(ASSIGNMENT):
In your answer, reproduce exactly the lines from the beginning of the listing below through the one containing "Klein SHIRT STRETCH", and only those lines.

(RECORDS SUPPLIED):
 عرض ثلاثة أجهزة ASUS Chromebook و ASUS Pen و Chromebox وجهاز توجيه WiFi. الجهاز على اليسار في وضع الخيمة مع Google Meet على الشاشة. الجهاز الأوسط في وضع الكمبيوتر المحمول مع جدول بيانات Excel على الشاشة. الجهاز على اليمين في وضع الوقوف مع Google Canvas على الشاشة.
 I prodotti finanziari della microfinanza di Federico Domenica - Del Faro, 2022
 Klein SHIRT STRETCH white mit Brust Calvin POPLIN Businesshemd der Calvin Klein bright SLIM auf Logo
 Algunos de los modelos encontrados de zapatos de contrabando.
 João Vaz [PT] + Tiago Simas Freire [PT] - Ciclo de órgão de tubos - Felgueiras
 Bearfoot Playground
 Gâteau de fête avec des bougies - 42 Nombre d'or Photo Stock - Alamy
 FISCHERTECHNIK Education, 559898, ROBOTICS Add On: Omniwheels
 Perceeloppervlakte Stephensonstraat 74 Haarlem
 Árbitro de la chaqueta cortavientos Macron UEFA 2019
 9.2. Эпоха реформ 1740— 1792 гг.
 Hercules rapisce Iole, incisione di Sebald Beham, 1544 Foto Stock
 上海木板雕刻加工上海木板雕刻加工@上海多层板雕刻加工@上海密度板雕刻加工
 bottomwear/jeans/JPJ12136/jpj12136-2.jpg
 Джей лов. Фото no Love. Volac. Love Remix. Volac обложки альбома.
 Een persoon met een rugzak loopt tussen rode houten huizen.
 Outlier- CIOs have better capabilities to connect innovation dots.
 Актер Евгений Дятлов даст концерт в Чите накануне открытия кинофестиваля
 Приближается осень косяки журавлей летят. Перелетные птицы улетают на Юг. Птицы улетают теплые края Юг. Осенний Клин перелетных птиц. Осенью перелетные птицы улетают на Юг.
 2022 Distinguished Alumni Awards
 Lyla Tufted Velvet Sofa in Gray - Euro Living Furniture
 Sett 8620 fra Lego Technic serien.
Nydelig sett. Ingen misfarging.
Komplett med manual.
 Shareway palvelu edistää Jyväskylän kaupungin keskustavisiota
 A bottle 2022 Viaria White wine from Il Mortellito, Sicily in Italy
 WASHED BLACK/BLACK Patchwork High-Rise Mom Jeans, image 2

(YOUR RESPONSE):
 عرض ثلاثة أجهزة ASUS Chromebook و ASUS Pen و Chromebox وجهاز توجيه WiFi. الجهاز على اليسار في وضع الخيمة مع Google Meet على الشاشة. الجهاز الأوسط في وضع الكمبيوتر المحمول مع جدول بيانات Excel على الشاشة. الجهاز على اليمين في وضع الوقوف مع Google Canvas على الشاشة.
 I prodotti finanziari della microfinanza di Federico Domenica - Del Faro, 2022
 Klein SHIRT STRETCH white mit Brust Calvin POPLIN Businesshemd der Calvin Klein bright SLIM auf Logo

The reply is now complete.